The empirical data for this chapter are drawn from a larger project investigating the importance of the Illawarra Escarpment in the lives of people living in Wollongong, New South Wales, Australia. The project used diaries, walk-alongs, home-visits and a form of ethnographic narrative analysis to offer insights about the relationship between the imaginary, travel and homemaking. The Illawarra Escarpment is comprised of a line of cliffs of Hawkesbury Sandstone that runs for over 100 kilometers almost parallel with the coastline from Stanwell Park in the north, to Nowra in the south (see Figure 4.1). For people living in metropolitan Wollongong, the Escarpment is a highly visible, iconic feature, rising almost vertically to a height of 400 metres. The Escarpment is also the western boundary of the metropolitan area. Historically, urban encroachment onto the Escarpment was limited by a combination of distance from metropolitan centres, restricted access, geological instability, as well as large coal mining leases. More recently, the declaration of biodiversity conservation zoning measures to ‘protect’ the Escarpment as habitat has limited urban development. The escarpment is part of Dharawal country that includes the Wadi Wadi, Korawal, Elouera, Jerrungarugh and Tharawal clans. Aboriginal knowledge of escarpment places is forged by the stories and songs of the Alcheringa . The Aboriginal cultural significance of escarpment places is neither obviously marked to the non-Aboriginal eye nor incorporated into management plans. Some non-Aboriginal residents may be familiar with how the Alcheringa provides insights to the law and spirit of the country. However, only a person with kinship ties to country can gain full knowledge of the cultural significance and protocols prescribing normative behaviour of escarpment places (Berndt and Berndt 1988).

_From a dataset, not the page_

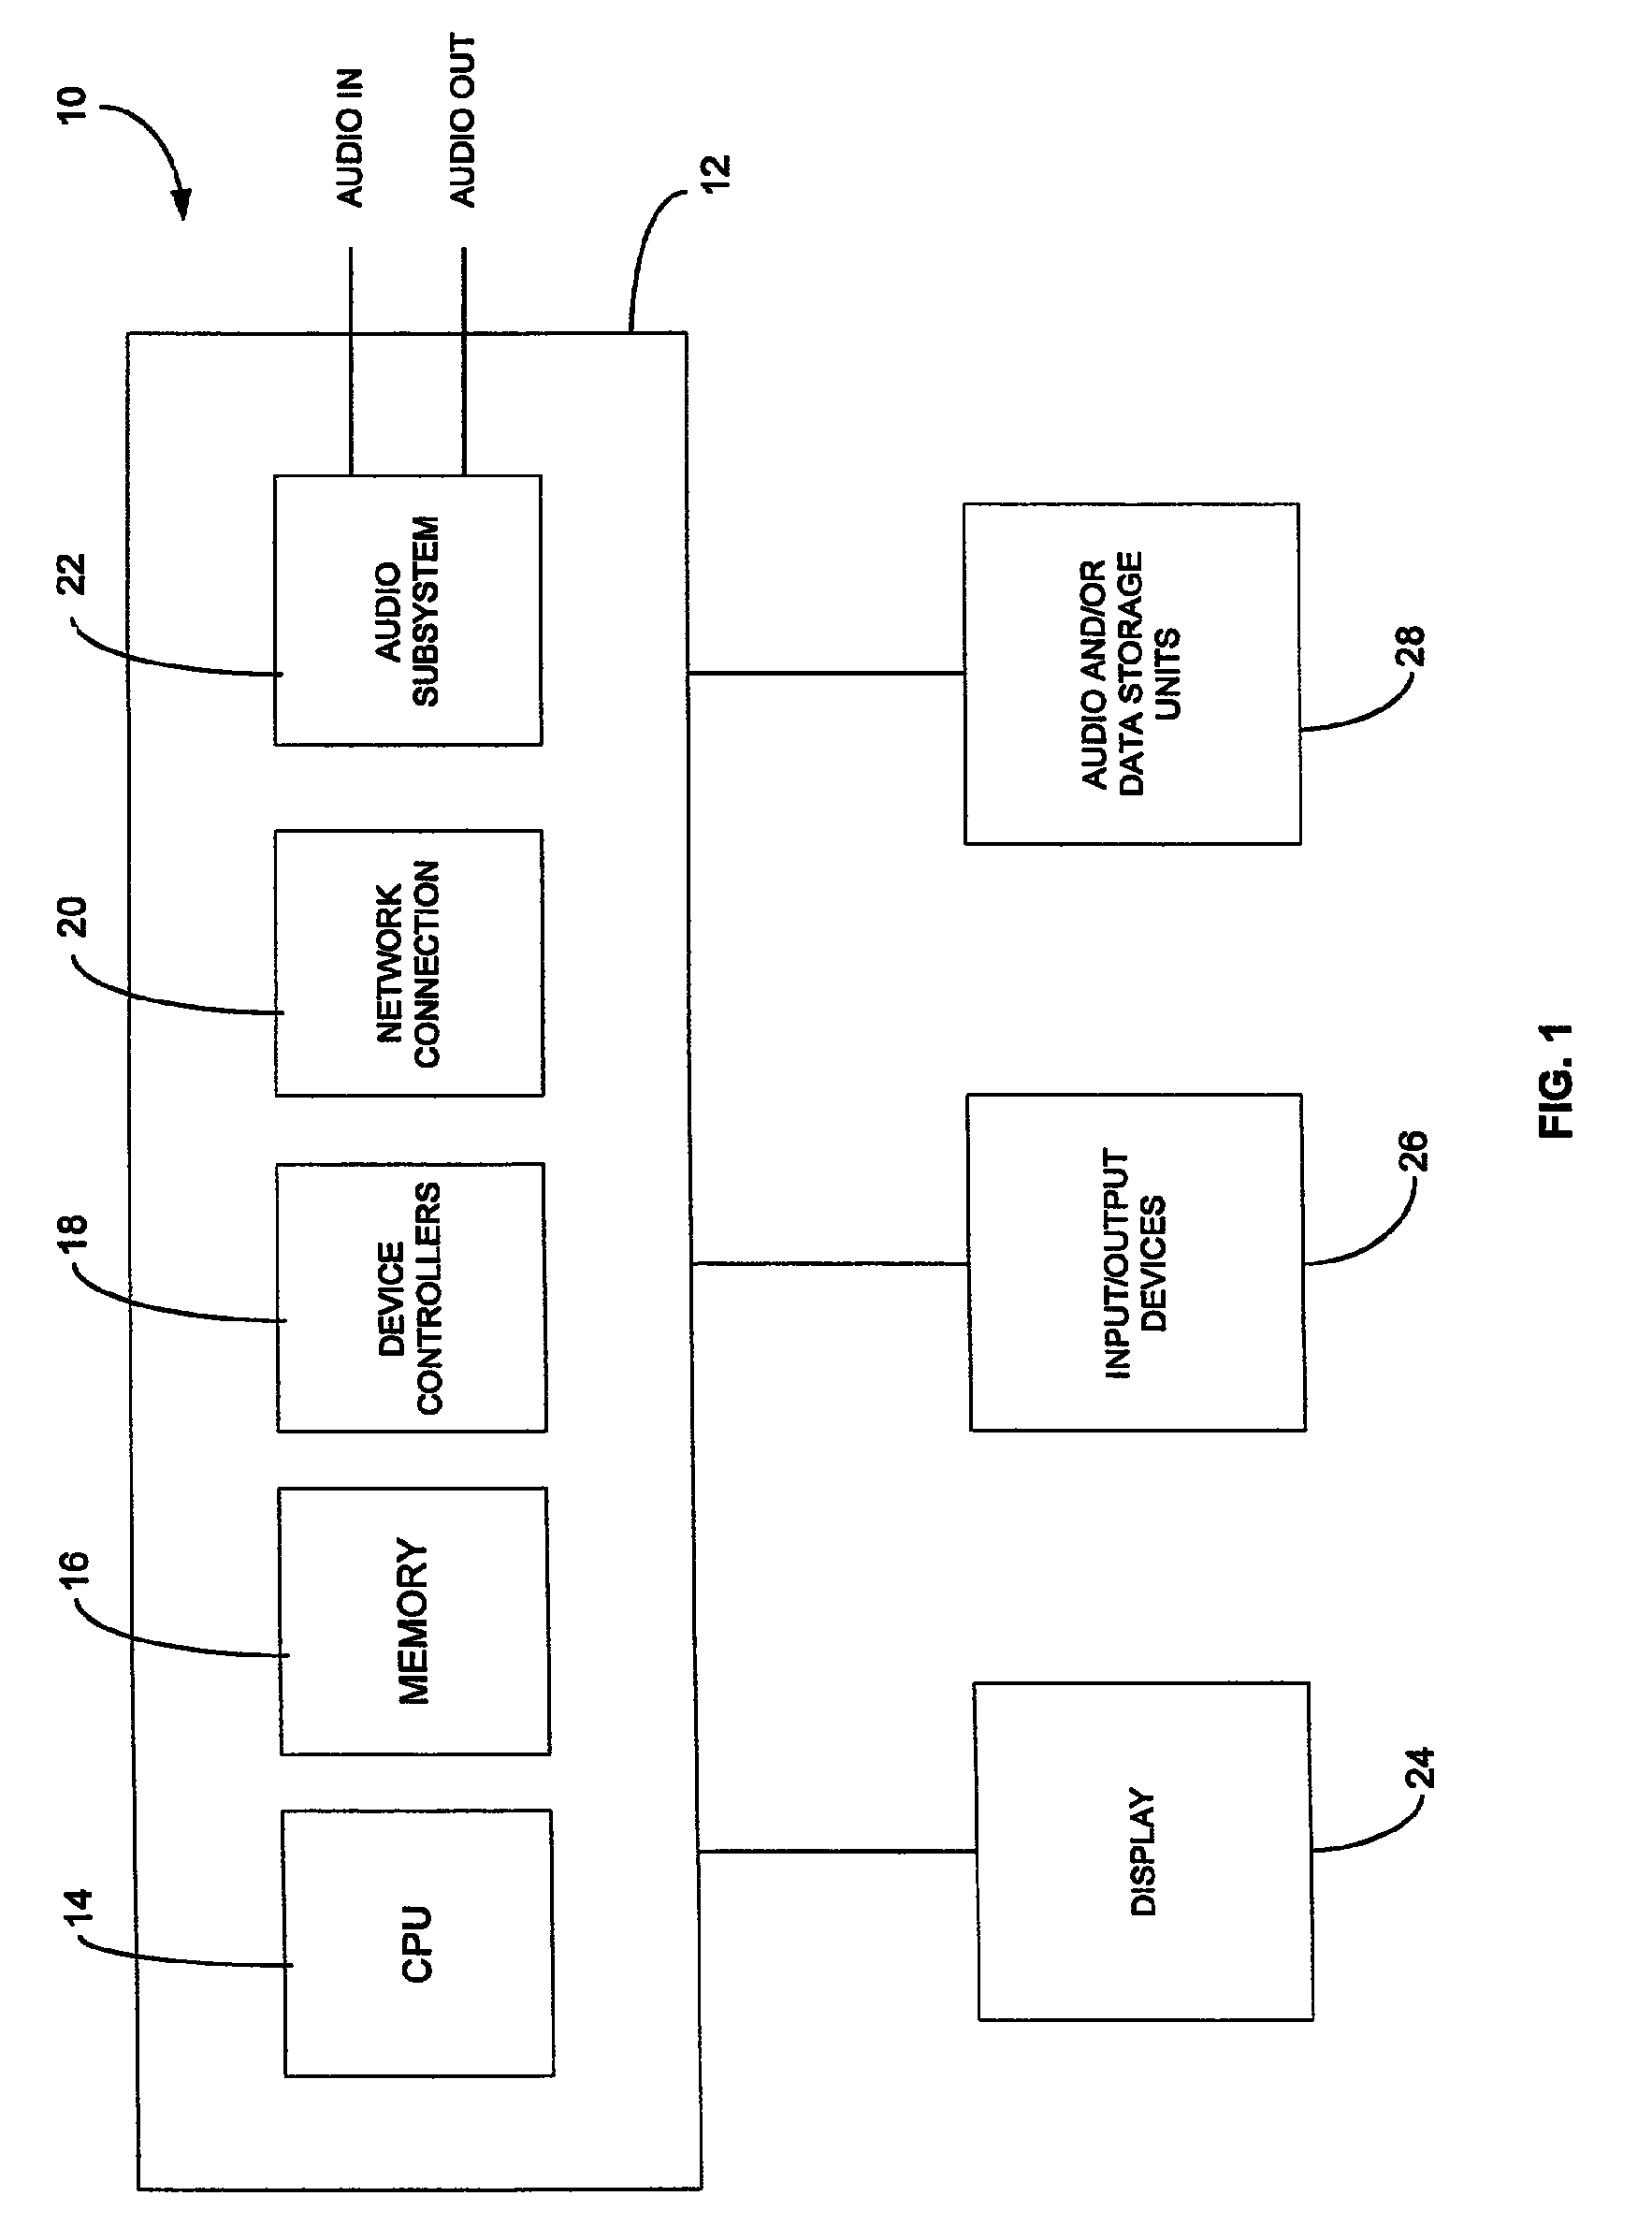 Method and apparatus for audio loudness and dynamics matching

The chapter unfolds as follows. We begin by providing a conceptual framework to explore the intersection between the imaginary, travel and homemaking. Drawing on a feminist, post-structural ontology, bodies and spaces are mutually constitutive in our conceptualization of the imaginary. The concept of the imaginary which we are employing is therefore not one in which ‘invented’ worlds are contrasted to ‘real’ worlds. Imagined worlds are not conceptualized as inner, perceived, mental images that are projected onto a neutral, physical world. There is no neutral, objective world to which we can gain access. What exists in the world for us requires ‘the body’. In this chapter, to know something by imagination is to exist in a particular embodied relationship to one’s context or social space. This, in turn, has important implications for one’s ability to act, as well as one’s capacity to be acted upon. Next, we outline a justification for why Wollongong, and the northern Illawarra in particular, provides an interesting case study, and one relevant to investigating tourism as the extraordinary everyday. We then outline our methods. Finally, we explore how one participant, Janet, came to imagine the Illawarra Escarpment as simultaneously home and elsewhere. This tension between imagining the Illawarra Escarpment as home and elsewhere we argue is the outcome of embodied relationships of everyday walks and returning from travelling beyond the Illawarra.